THE TASK =>
Set down every line from the one containing "MATERIALIEN: versilbertes geschliffenes" through the last line of the records below, exactly as written, and leave out the pictures.

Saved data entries
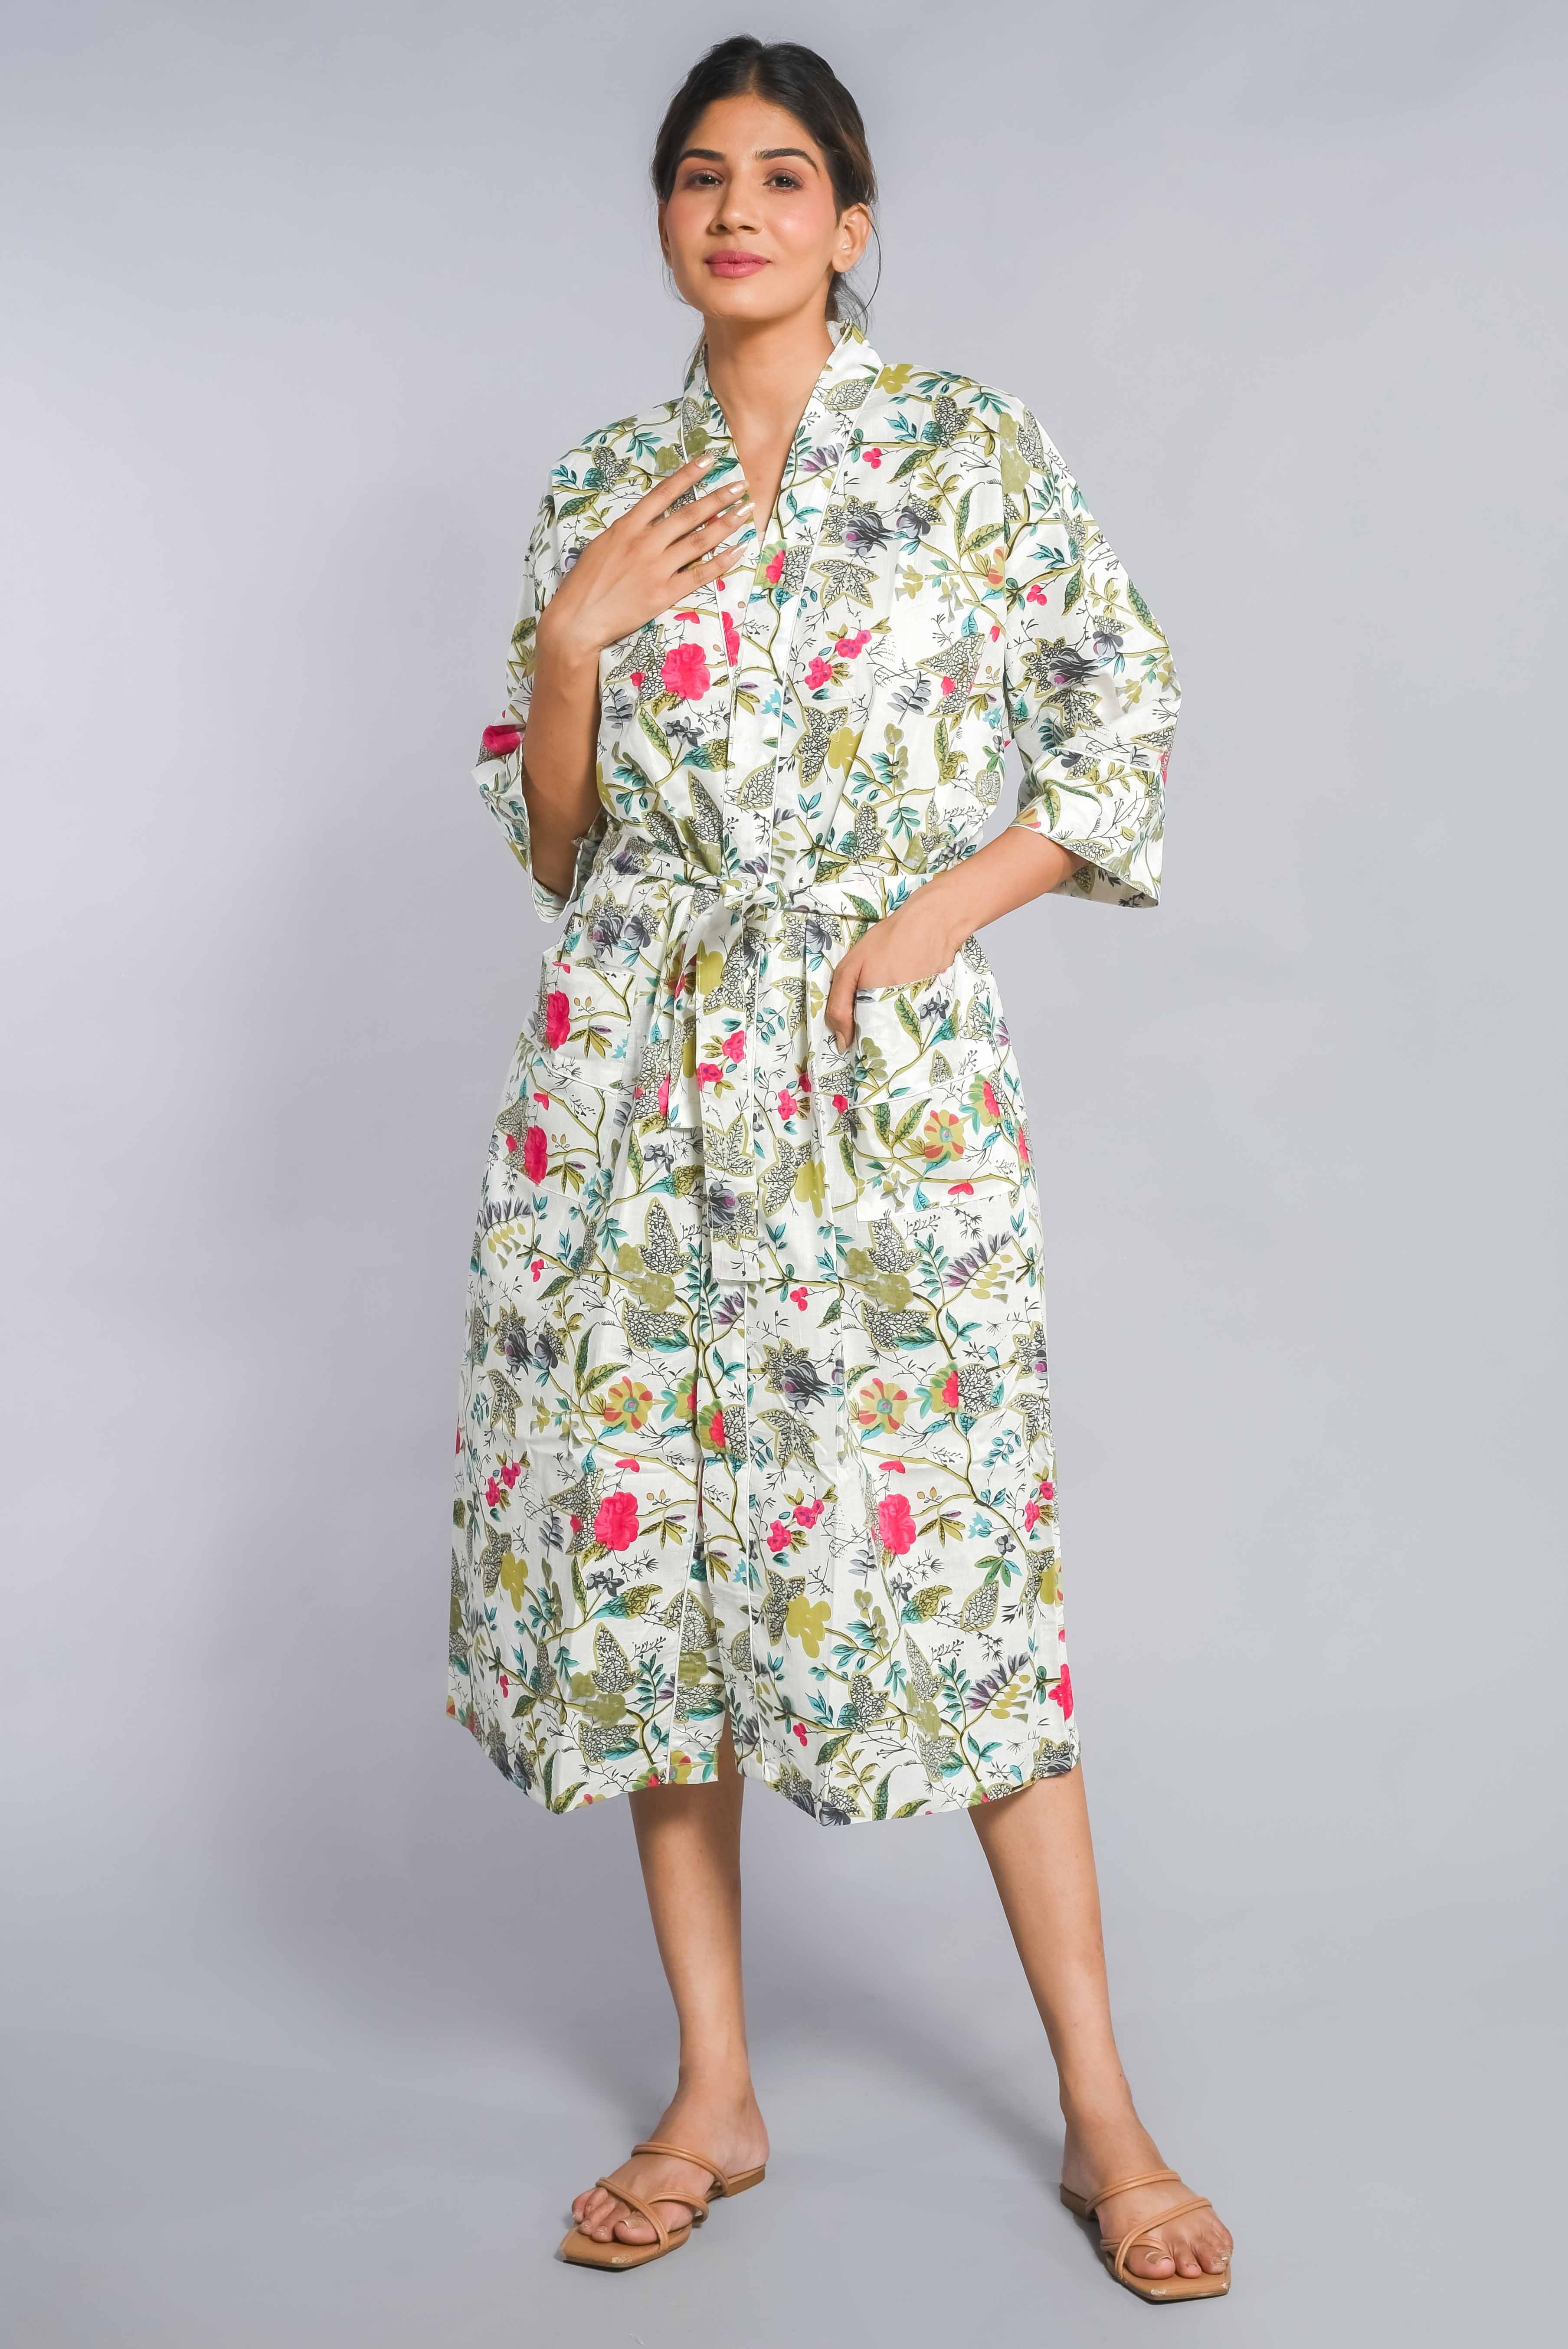 Floral Pattern Kimono Robe Long Bathrobe For Women (Multi)-KM-154
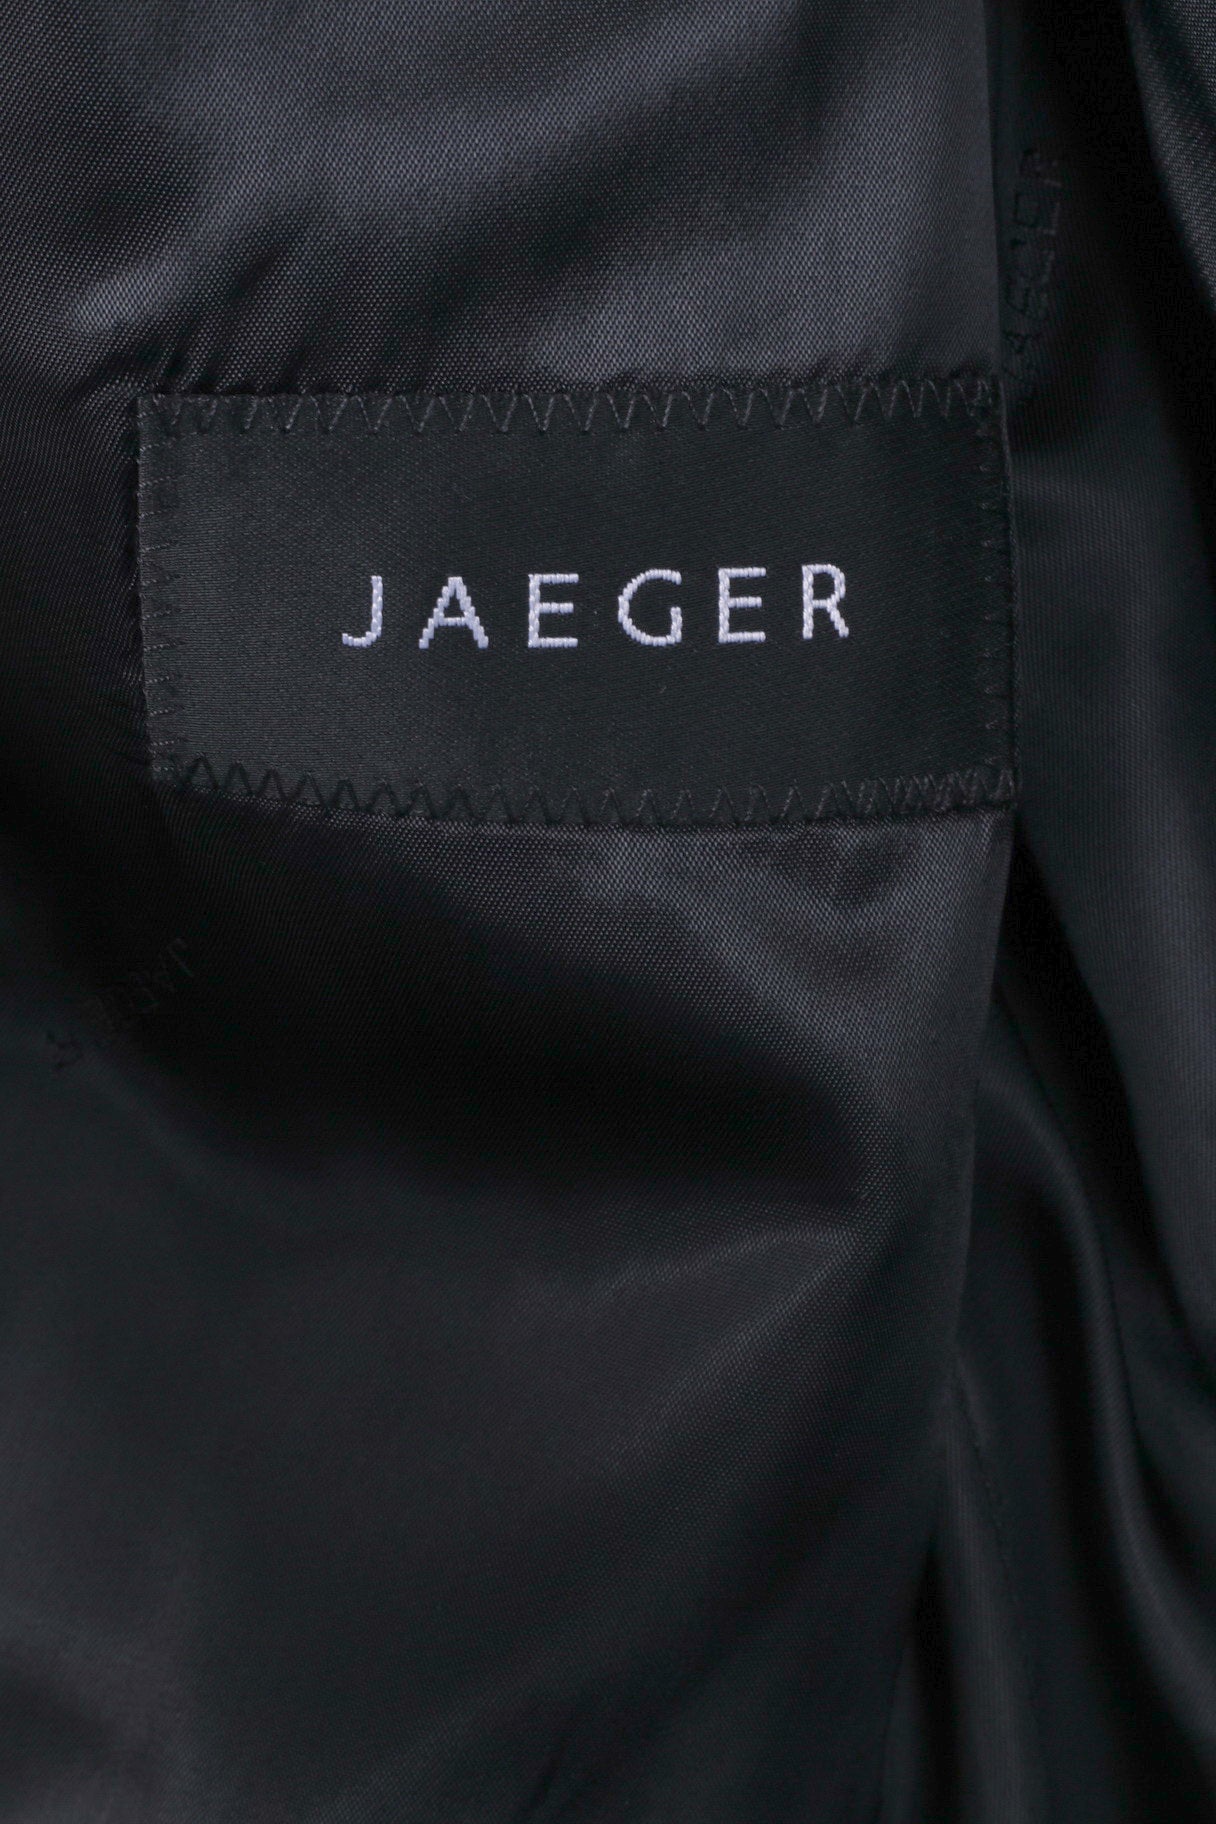 Jaeger Hommes 40 Long Blazer Gris Simple Boutonnage Top Épaulettes 100% Laine Veste 
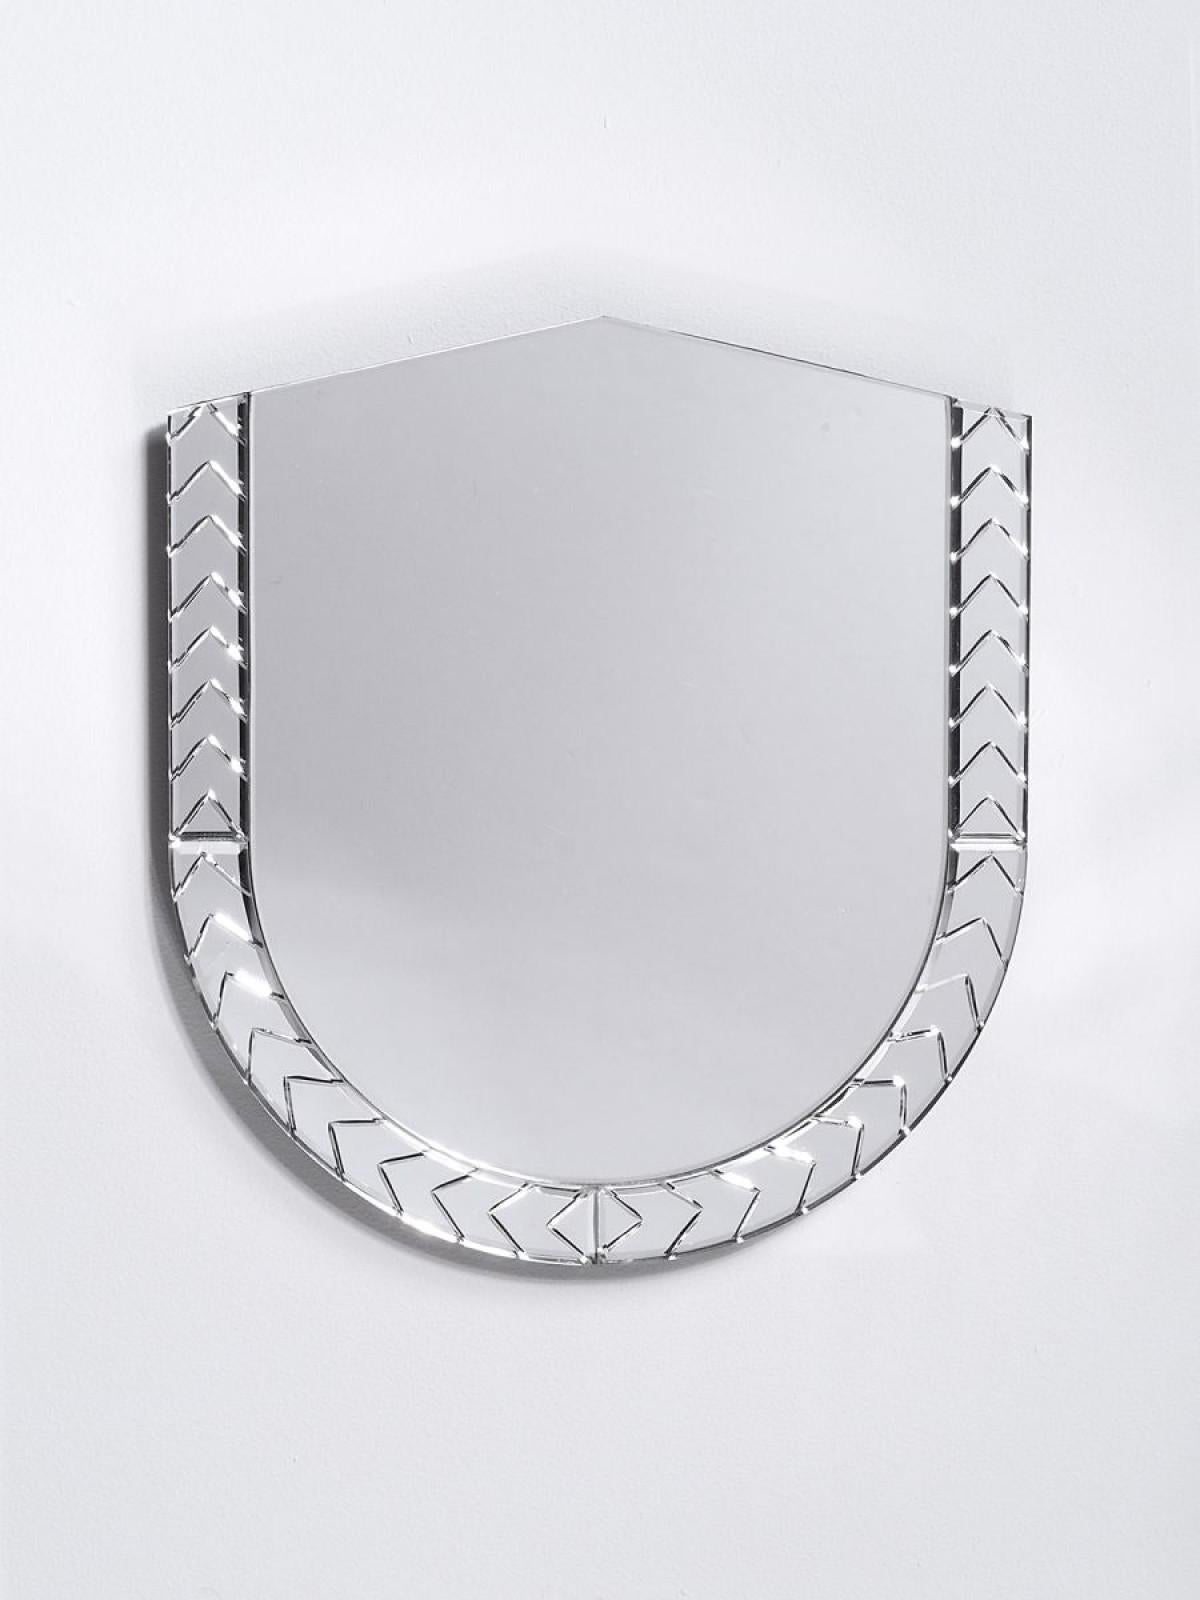 Großer Spiegel Scena Elemento Due Murano von Nikolai Kotlarczyk
Abmessungen: T 3 x B 65 x H 60 cm 
MATERIALIEN: versilbertes geschliffenes Glas, dunkelgraue Holzrückwand. 
Auch in anderen Designs und Abmessungen erhältlich.


Elemento ist eine Serie
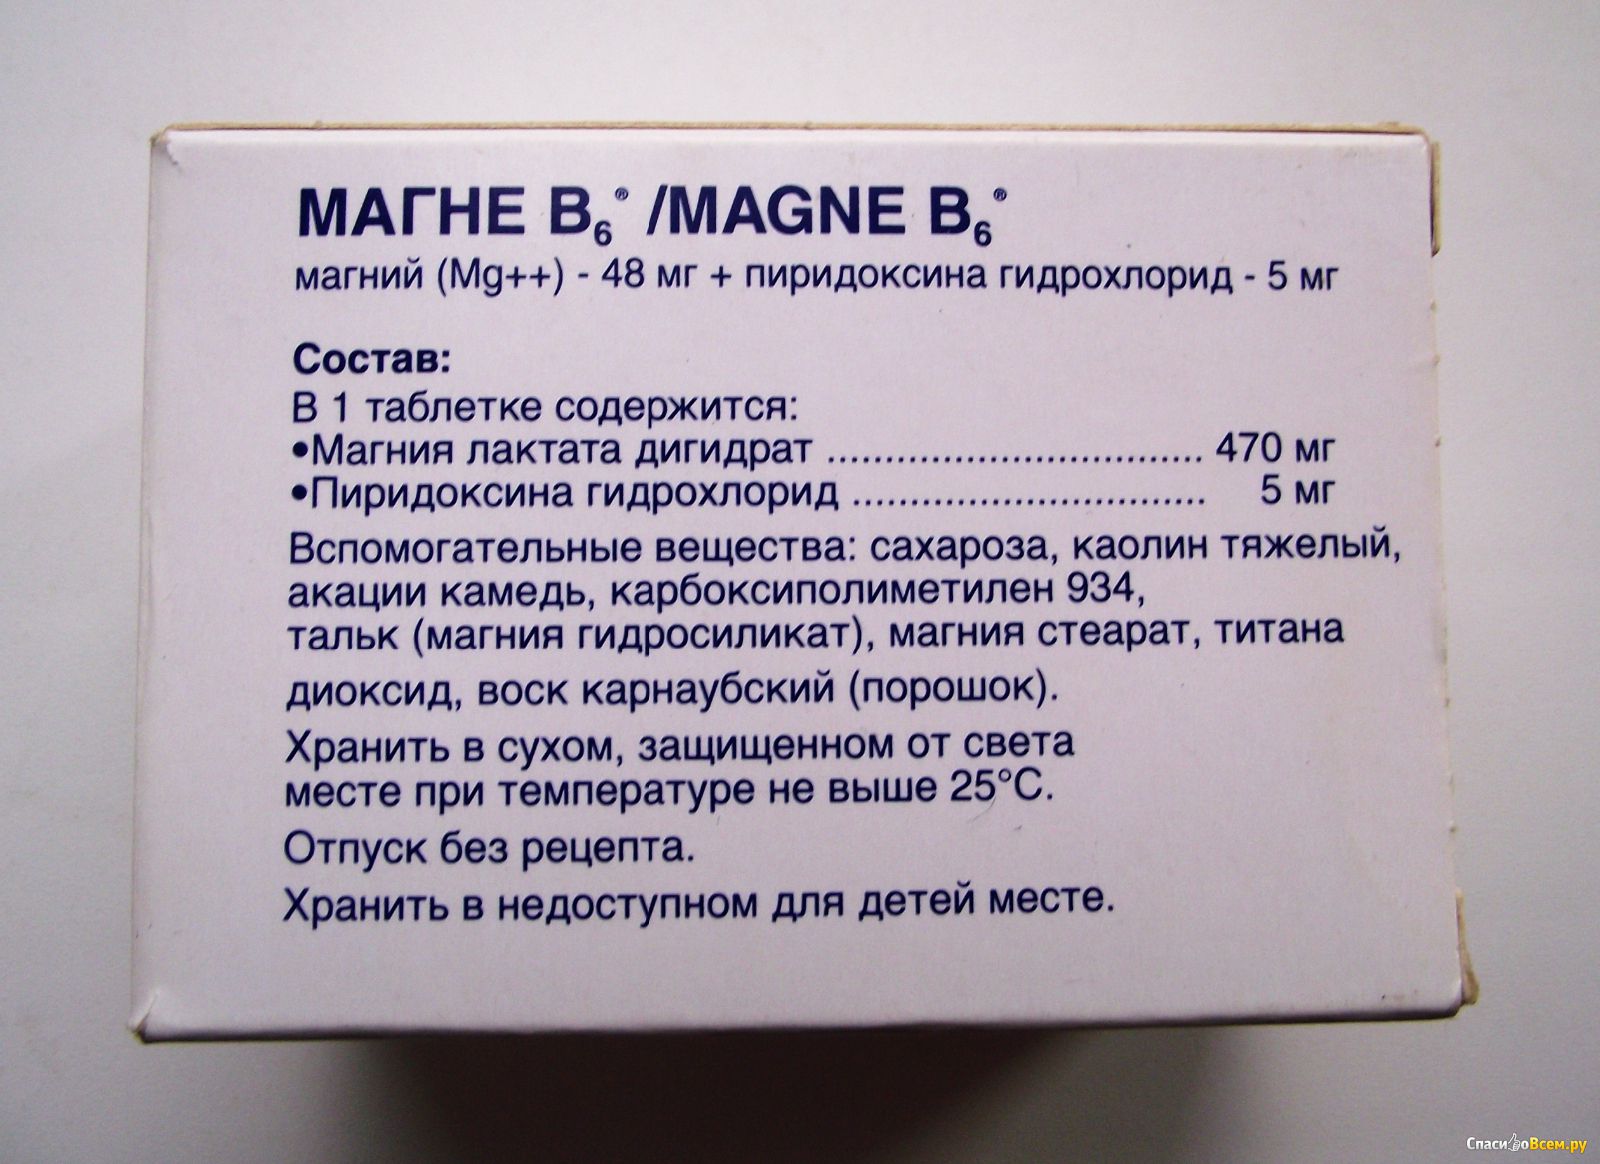 Магний б 6 его польза и вред. Магний в6 состав. Магний в6 суточная дозировка. Магний б6 + пиридоксина гидрохлорид.

REPLY TO THE EXERCISE =>
MATERIALIEN: versilbertes geschliffenes Glas, dunkelgraue Holzrückwand. 
Auch in anderen Designs und Abmessungen erhältlich.


Elemento ist eine Serie
 Магний б 6 его польза и вред. Магний в6 состав. Магний в6 суточная дозировка. Магний б6 + пиридоксина гидрохлорид.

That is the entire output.